(Saved data entries)
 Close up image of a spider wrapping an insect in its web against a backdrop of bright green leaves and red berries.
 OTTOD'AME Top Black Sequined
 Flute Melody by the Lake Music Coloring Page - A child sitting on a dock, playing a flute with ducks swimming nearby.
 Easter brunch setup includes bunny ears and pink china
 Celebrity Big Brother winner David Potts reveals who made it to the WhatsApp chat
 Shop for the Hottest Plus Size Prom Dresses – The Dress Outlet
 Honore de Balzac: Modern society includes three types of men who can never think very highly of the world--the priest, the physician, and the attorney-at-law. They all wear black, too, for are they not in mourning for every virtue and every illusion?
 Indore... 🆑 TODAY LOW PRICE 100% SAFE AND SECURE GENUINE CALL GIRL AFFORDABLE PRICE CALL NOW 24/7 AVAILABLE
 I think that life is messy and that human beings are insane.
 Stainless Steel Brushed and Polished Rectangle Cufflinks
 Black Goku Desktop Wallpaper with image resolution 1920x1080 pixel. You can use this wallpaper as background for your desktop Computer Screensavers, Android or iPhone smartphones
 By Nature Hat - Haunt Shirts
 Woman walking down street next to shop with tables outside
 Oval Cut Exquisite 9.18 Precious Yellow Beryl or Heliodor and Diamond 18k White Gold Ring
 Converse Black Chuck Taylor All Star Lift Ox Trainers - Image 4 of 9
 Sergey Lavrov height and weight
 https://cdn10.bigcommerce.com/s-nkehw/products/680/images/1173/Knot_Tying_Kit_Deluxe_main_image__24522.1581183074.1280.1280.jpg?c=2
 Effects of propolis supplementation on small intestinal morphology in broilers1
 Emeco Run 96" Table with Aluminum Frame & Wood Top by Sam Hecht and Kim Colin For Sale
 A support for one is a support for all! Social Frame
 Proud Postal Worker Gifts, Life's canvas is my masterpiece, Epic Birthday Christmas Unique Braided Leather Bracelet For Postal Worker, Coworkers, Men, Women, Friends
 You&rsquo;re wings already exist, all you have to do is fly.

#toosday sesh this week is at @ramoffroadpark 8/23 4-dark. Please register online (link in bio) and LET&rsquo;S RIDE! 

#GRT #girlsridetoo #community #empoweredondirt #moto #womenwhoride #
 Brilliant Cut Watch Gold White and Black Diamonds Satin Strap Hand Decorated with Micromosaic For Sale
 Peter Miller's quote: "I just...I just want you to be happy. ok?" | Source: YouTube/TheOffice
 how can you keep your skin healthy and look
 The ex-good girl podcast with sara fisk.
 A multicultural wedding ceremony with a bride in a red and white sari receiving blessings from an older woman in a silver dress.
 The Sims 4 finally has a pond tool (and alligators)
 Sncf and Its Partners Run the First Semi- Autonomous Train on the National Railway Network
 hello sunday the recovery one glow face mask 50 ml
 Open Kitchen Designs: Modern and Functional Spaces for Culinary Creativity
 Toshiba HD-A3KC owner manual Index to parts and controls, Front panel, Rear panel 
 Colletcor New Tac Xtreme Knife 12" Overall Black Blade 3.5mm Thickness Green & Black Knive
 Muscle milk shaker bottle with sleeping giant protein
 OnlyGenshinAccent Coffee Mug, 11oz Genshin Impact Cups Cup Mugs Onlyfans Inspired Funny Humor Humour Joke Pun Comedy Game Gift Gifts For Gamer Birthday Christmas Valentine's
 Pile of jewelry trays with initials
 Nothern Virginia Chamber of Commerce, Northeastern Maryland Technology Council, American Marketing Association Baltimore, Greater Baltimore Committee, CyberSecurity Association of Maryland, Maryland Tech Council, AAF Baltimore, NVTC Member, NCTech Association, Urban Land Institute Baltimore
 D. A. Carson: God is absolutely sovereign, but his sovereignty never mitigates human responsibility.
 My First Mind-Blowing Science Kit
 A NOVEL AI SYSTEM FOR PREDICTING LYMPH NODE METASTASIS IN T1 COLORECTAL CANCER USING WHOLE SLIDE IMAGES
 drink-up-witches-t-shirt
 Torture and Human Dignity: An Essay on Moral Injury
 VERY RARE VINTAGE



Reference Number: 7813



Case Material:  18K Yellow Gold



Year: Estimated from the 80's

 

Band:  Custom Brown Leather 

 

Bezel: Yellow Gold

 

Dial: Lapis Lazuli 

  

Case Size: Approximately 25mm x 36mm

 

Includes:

**YOUR TASK:** What is wanted is the line containing "A NOVEL AI SYSTEM" and every line after it through the last line of the entries, printed exactly.

**EXPECTED OUTPUT:**
 A NOVEL AI SYSTEM FOR PREDICTING LYMPH NODE METASTASIS IN T1 COLORECTAL CANCER USING WHOLE SLIDE IMAGES
 drink-up-witches-t-shirt
 Torture and Human Dignity: An Essay on Moral Injury
 VERY RARE VINTAGE



Reference Number: 7813



Case Material:  18K Yellow Gold



Year: Estimated from the 80's

 

Band:  Custom Brown Leather 

 

Bezel: Yellow Gold

 

Dial: Lapis Lazuli 

  

Case Size: Approximately 25mm x 36mm

 

Includes:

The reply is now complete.